DATASET CONTENT:
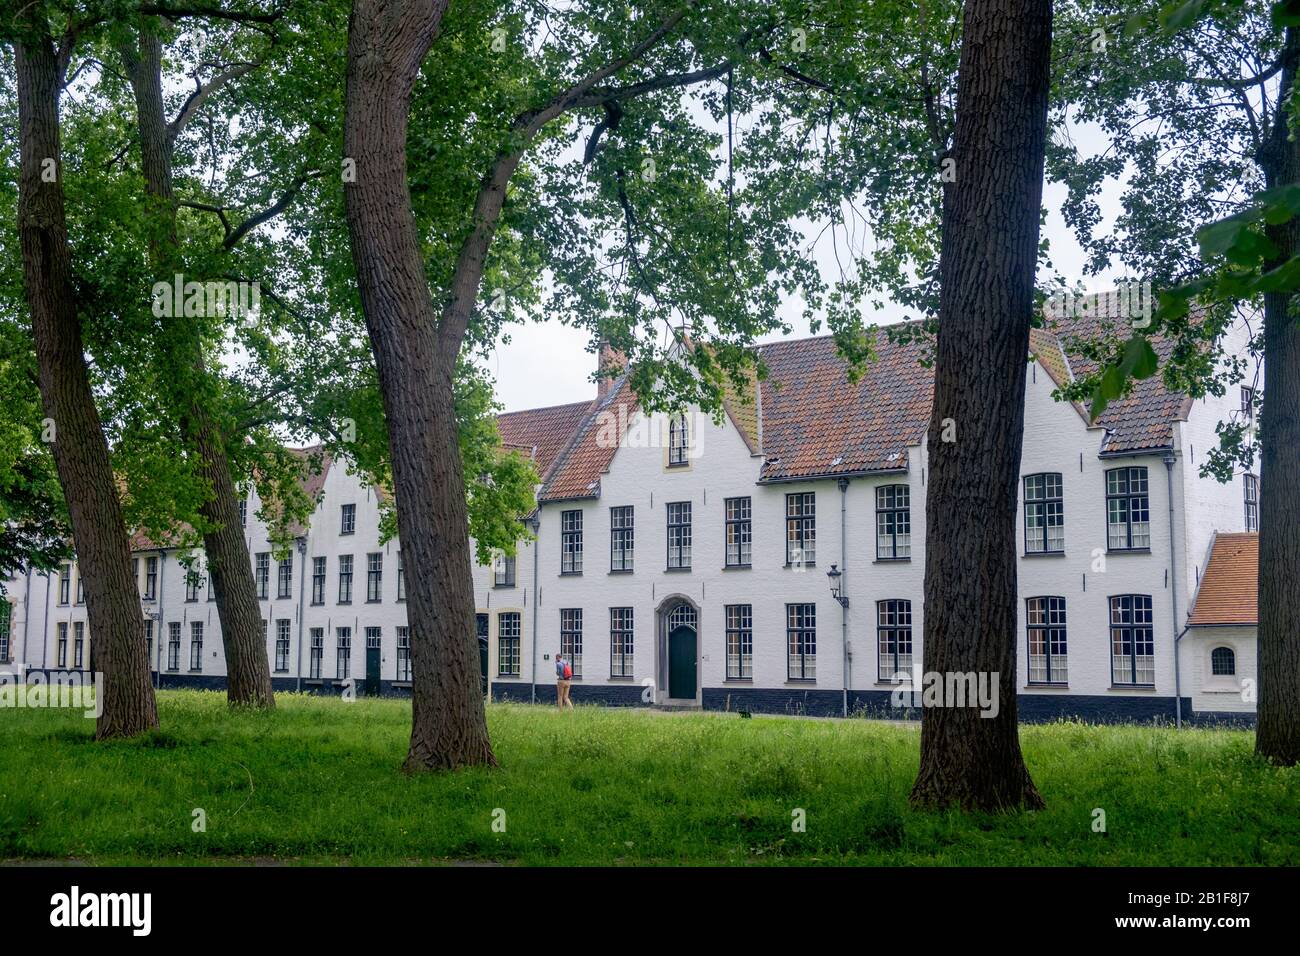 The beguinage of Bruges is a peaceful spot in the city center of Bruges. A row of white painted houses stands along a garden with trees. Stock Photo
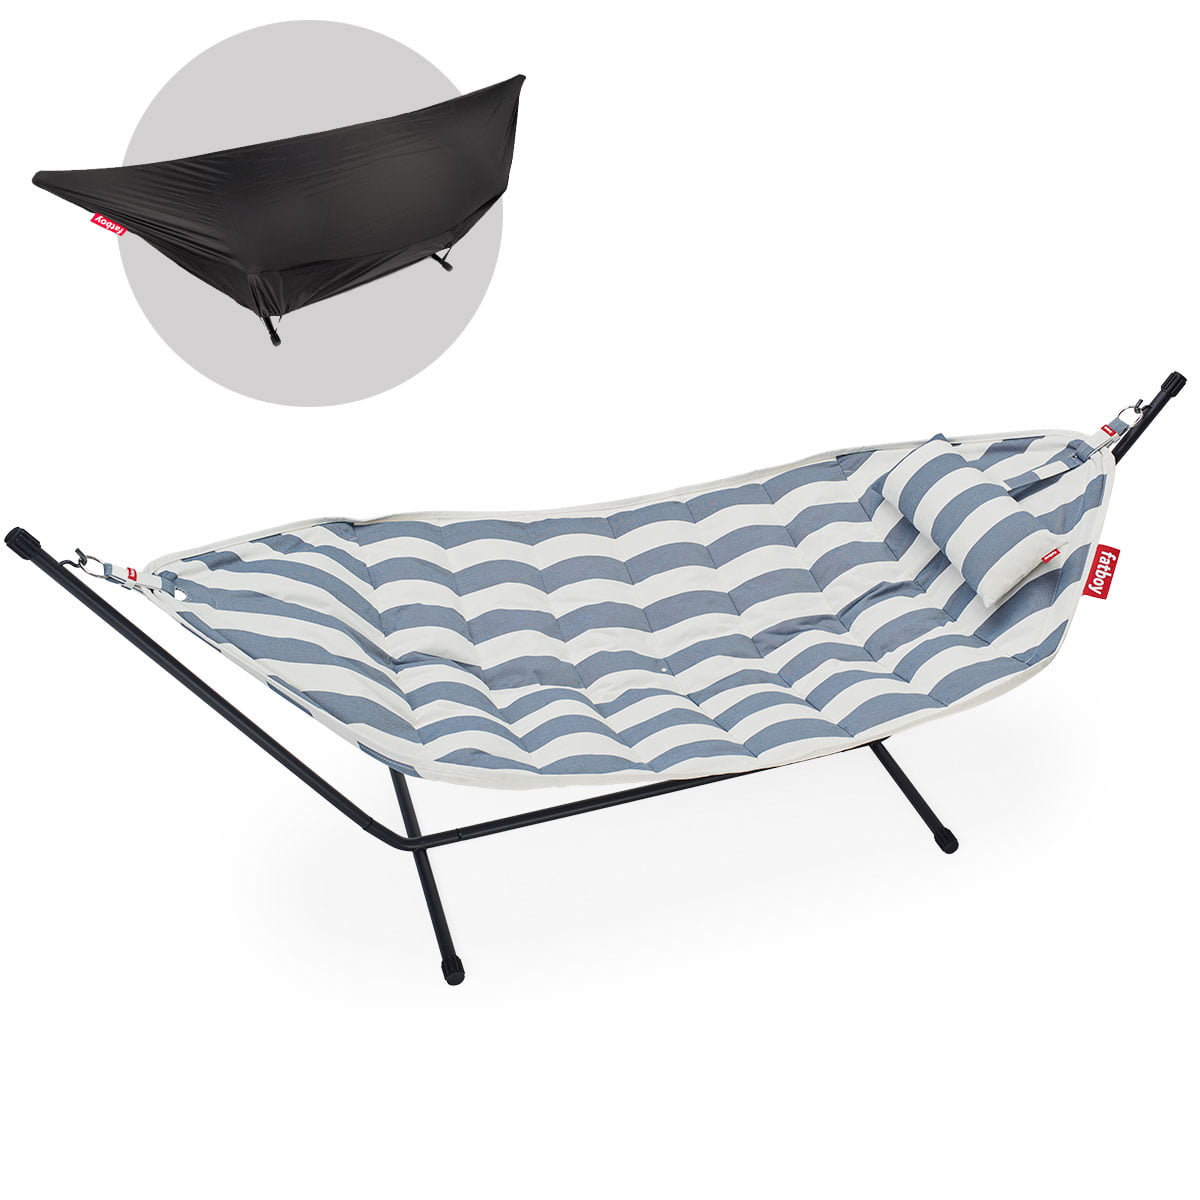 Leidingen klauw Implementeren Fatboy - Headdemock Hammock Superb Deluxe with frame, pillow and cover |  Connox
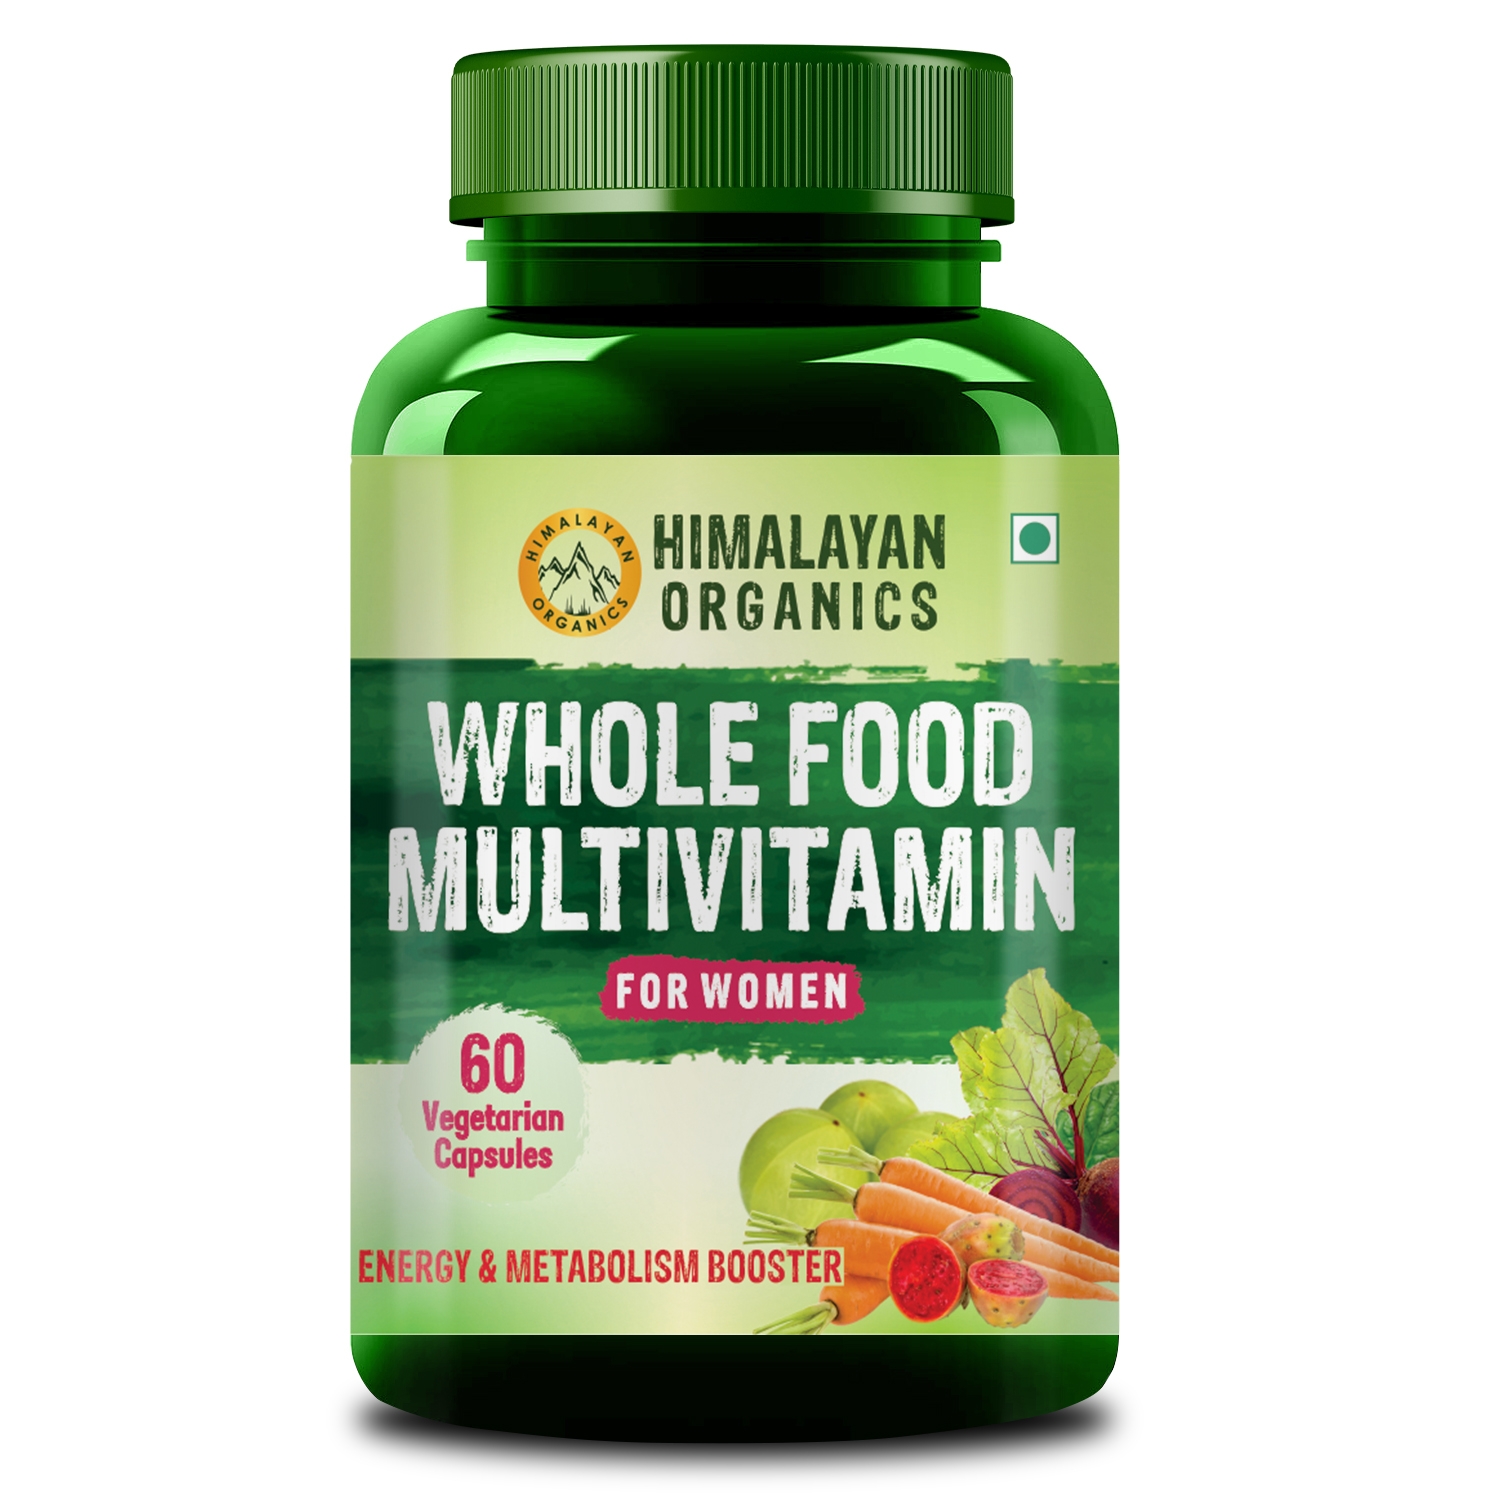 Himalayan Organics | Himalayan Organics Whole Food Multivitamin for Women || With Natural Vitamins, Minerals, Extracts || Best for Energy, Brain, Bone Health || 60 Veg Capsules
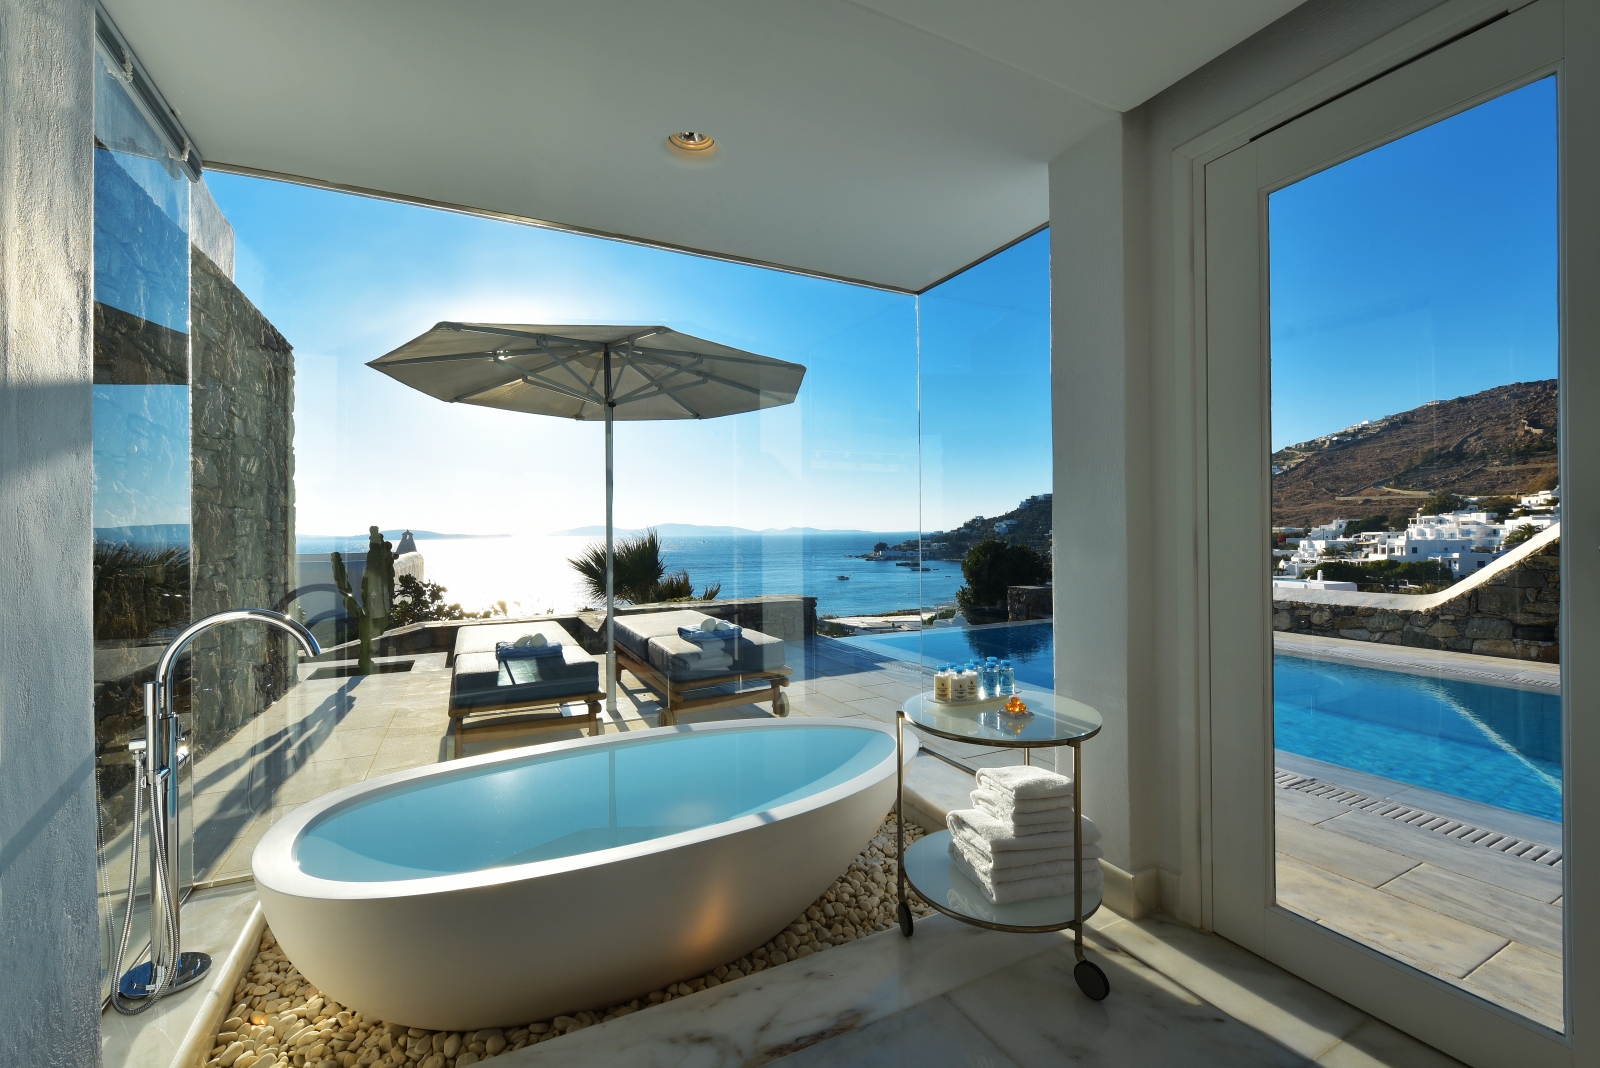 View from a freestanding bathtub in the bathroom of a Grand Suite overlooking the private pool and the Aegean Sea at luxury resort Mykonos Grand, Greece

TASK DETAILS: The full text of the data above, exact and without pictures, is what to return.

PROBLEM SOLUTION:
 The beguinage of Bruges is a peaceful spot in the city center of Bruges. A row of white painted houses stands along a garden with trees. Stock Photo
 Leidingen klauw Implementeren Fatboy - Headdemock Hammock Superb Deluxe with frame, pillow and cover |  Connox
 Himalayan Organics | Himalayan Organics Whole Food Multivitamin for Women || With Natural Vitamins, Minerals, Extracts || Best for Energy, Brain, Bone Health || 60 Veg Capsules
 View from a freestanding bathtub in the bathroom of a Grand Suite overlooking the private pool and the Aegean Sea at luxury resort Mykonos Grand, Greece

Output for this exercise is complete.